EXERCISE PROMPT >> The answer must be the full data, restated word for word, with no pictures in it.

*** THE DATA ***

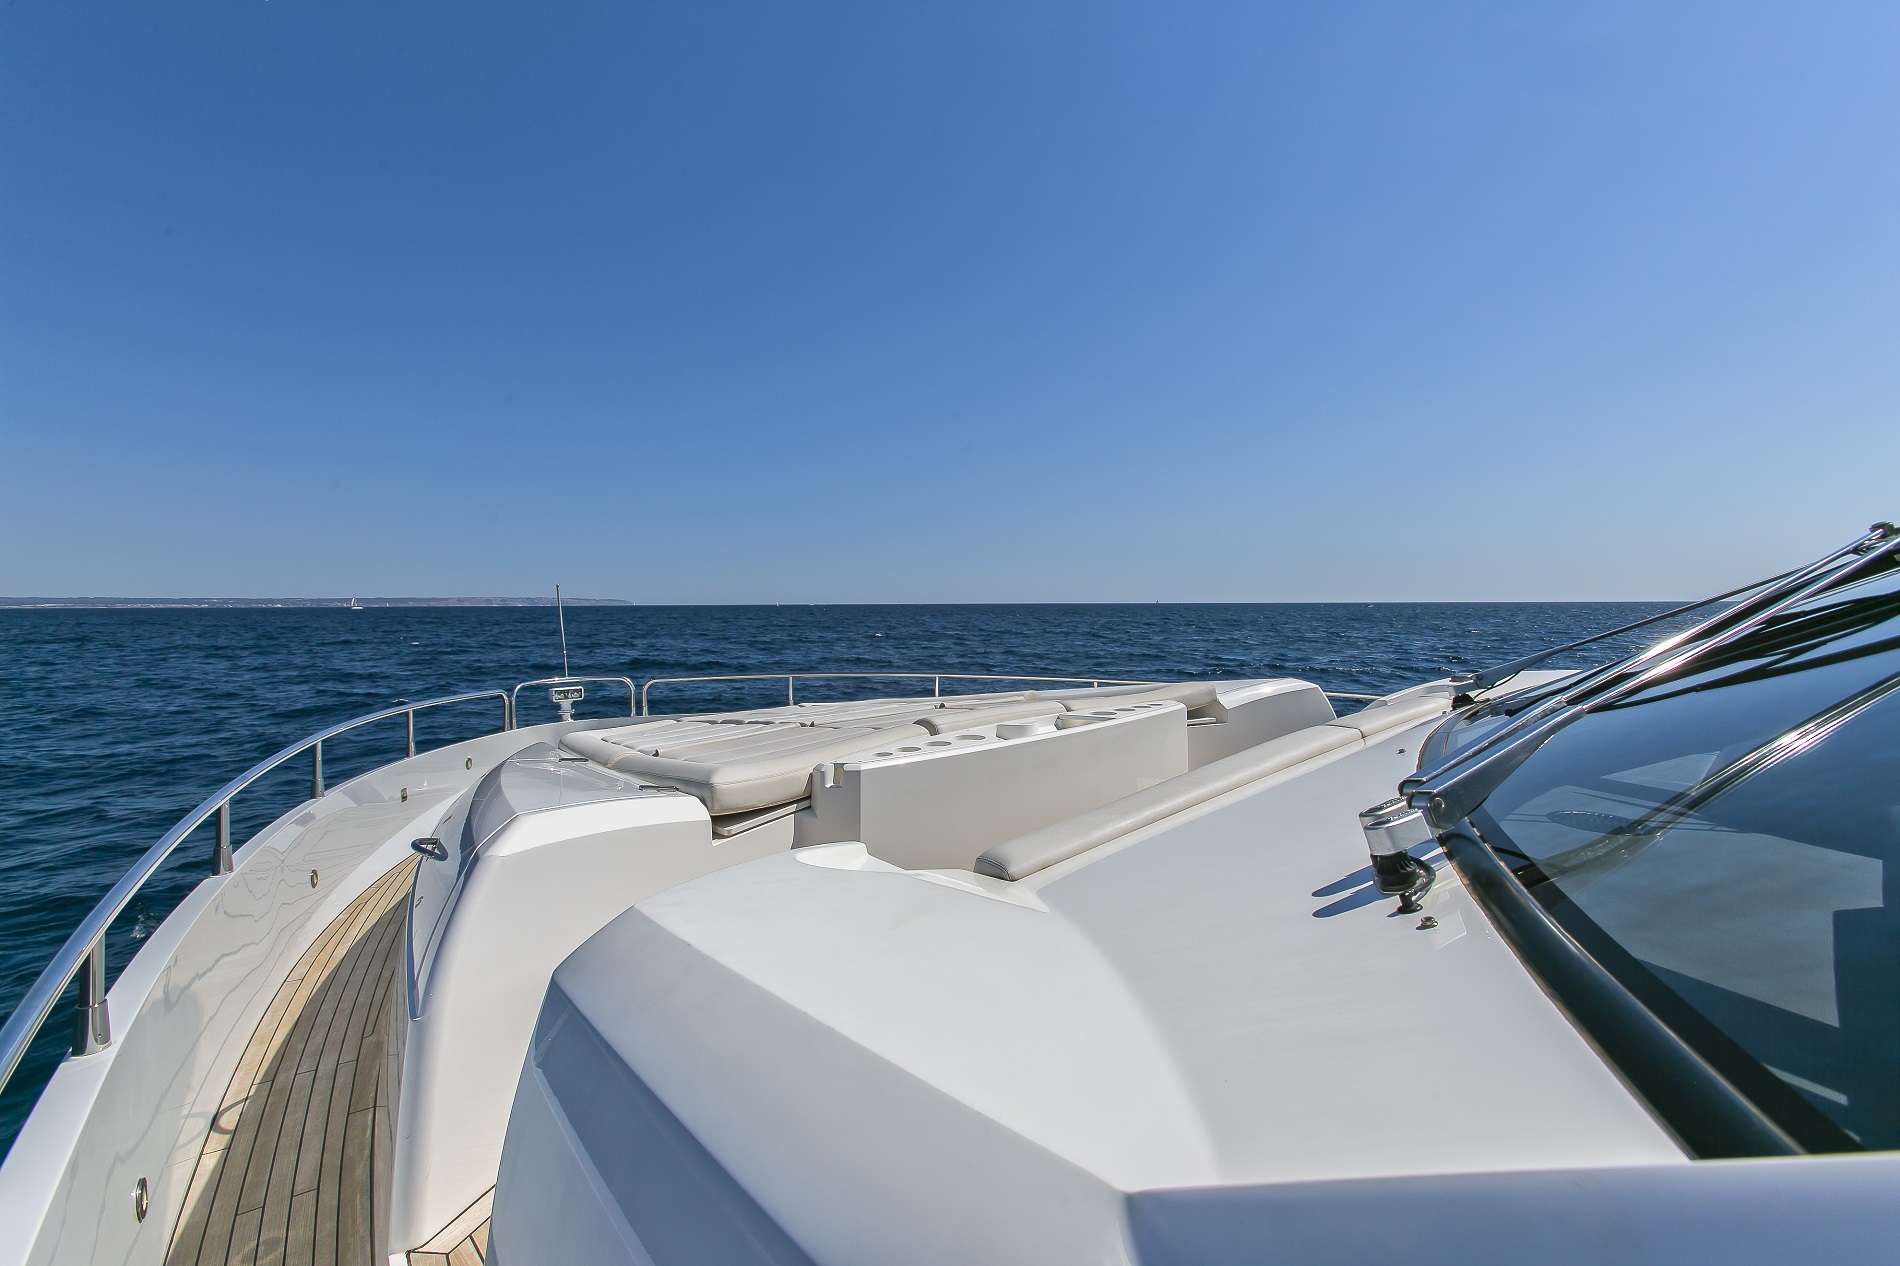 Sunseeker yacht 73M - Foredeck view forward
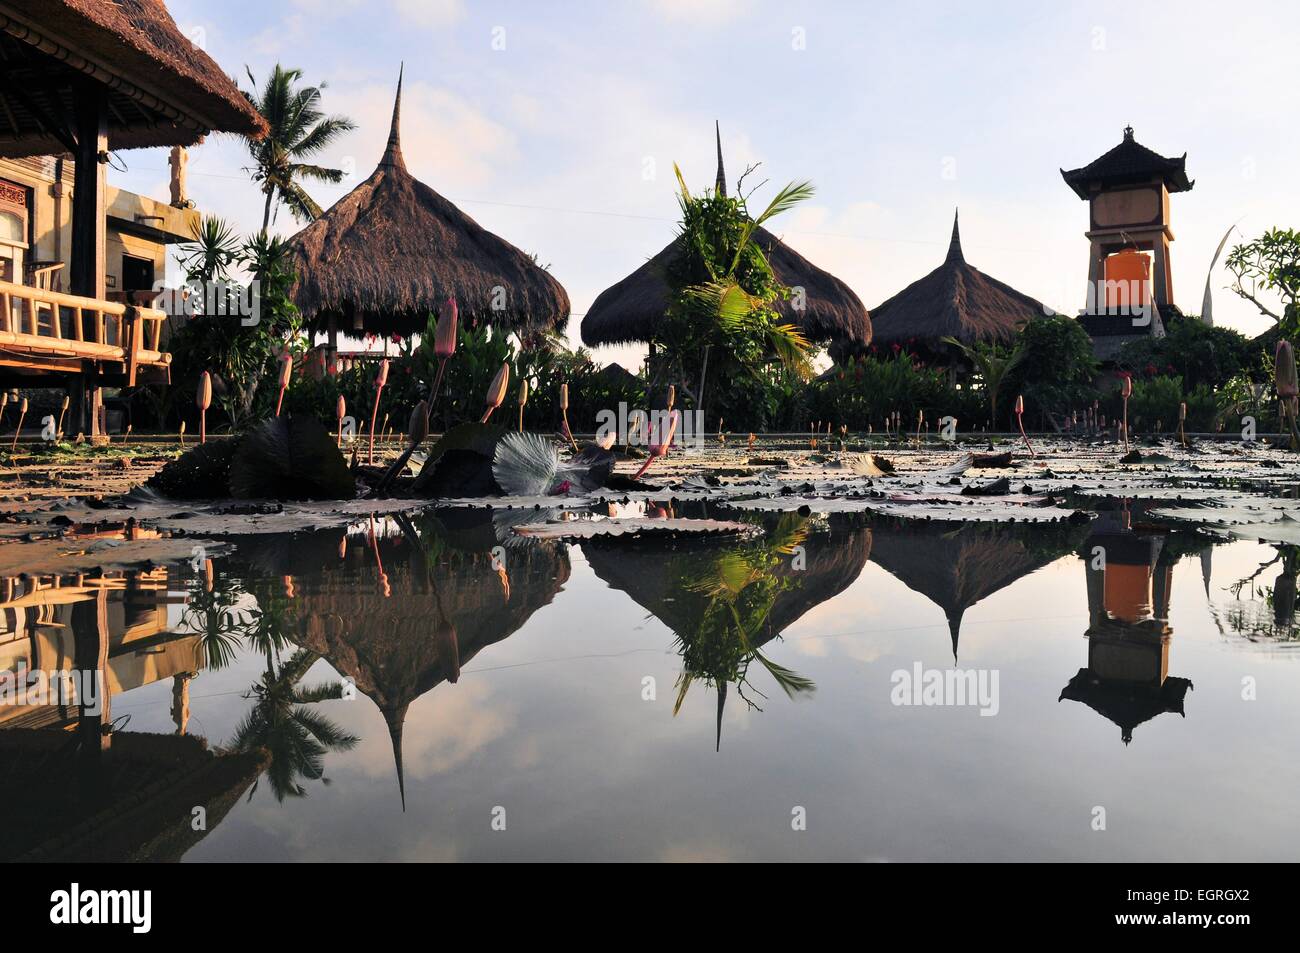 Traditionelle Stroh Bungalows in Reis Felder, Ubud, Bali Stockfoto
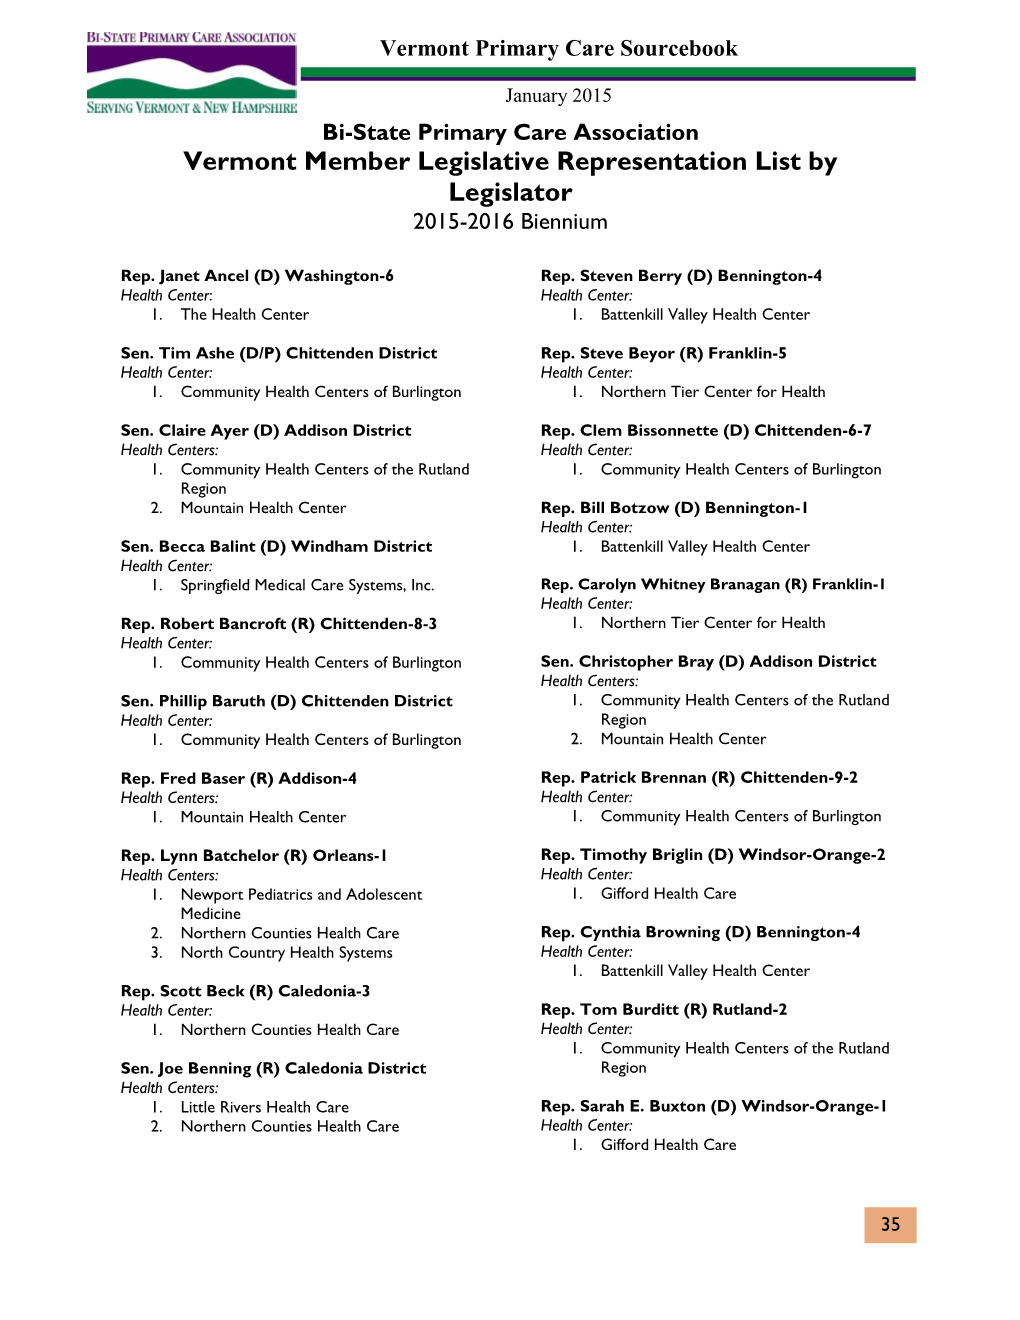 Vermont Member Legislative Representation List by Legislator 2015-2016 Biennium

*** End of THE DATA ***

SOLUTION FOR THIS TASK >>
 Sunseeker yacht 73M - Foredeck view forward
 Traditionelle Stroh Bungalows in Reis Felder, Ubud, Bali Stockfoto
 Vermont Member Legislative Representation List by Legislator 2015-2016 Biennium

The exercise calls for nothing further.